Work instruction: Among the lines below, keep only those from the one containing "roomba wars funny picture" through the one containing "packer jersey for dog", and reproduce them exactly.

Data records:
****

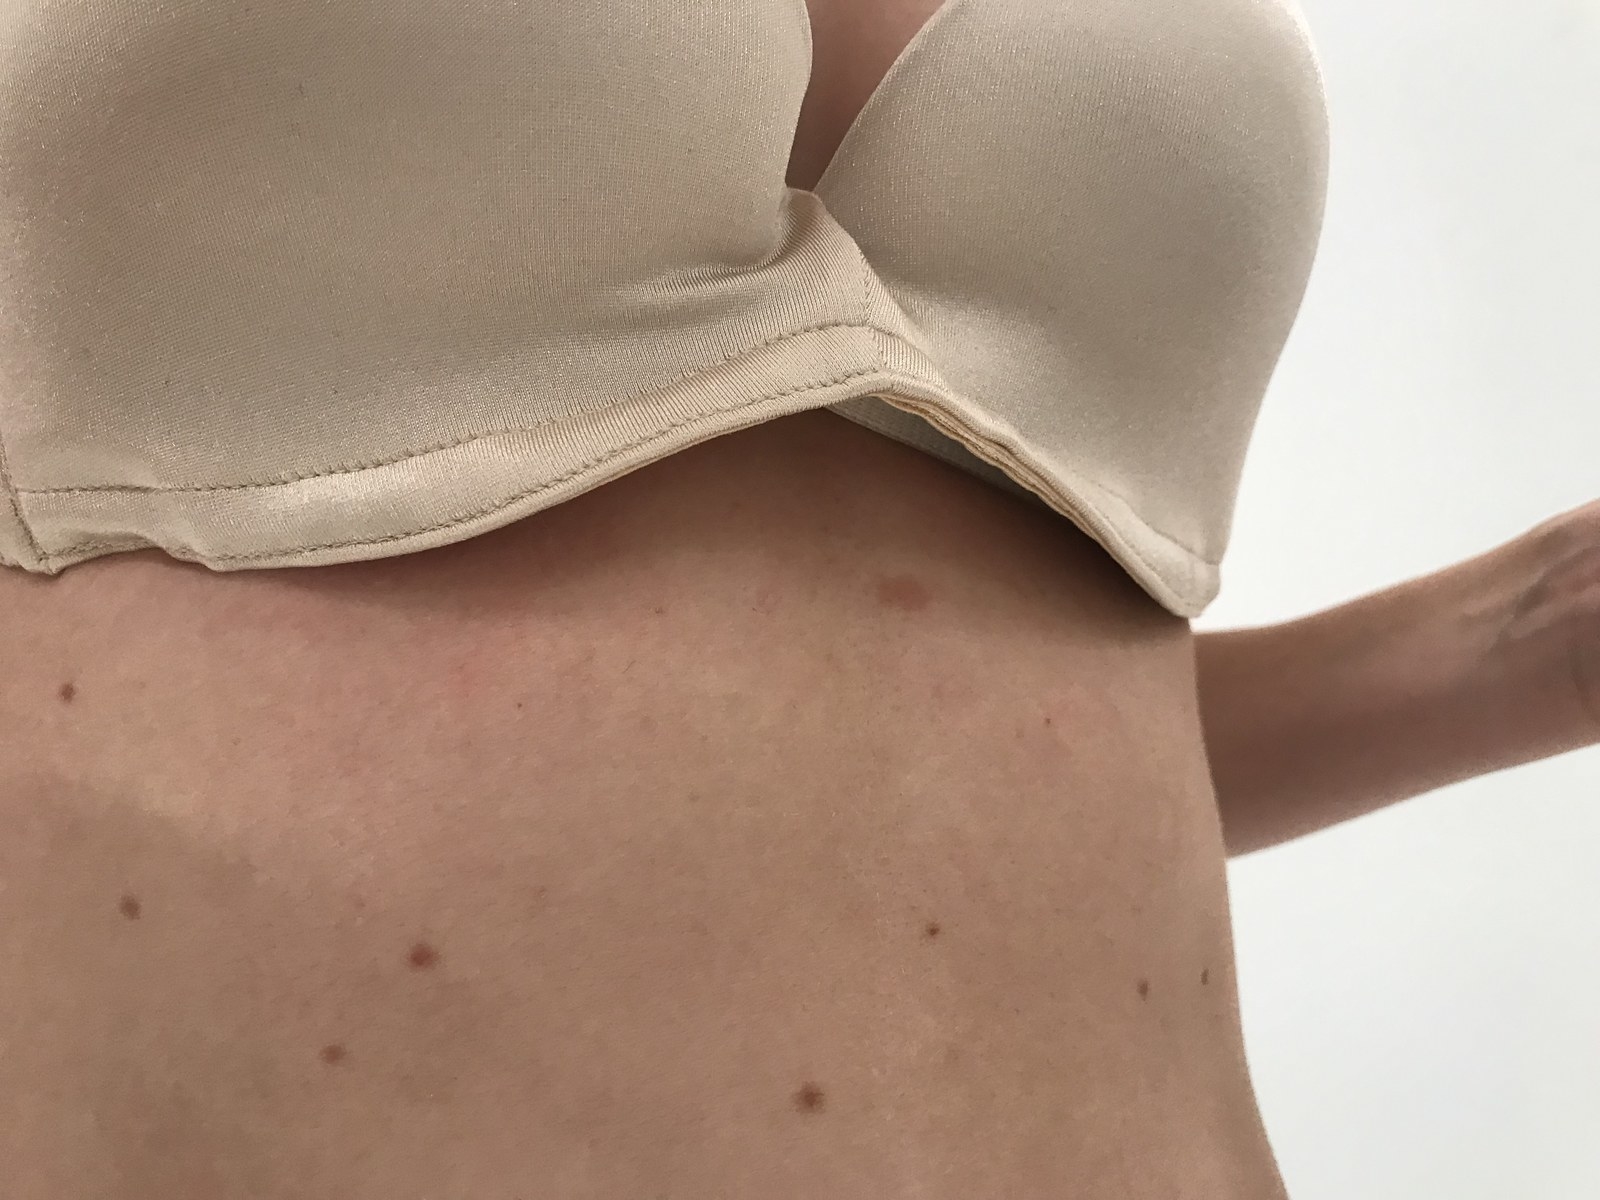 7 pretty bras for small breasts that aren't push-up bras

****

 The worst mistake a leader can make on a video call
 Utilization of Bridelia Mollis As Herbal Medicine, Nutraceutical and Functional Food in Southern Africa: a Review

****

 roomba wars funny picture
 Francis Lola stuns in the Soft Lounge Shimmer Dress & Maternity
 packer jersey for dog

****

Solution to the exercise:
 roomba wars funny picture
 Francis Lola stuns in the Soft Lounge Shimmer Dress & Maternity
 packer jersey for dog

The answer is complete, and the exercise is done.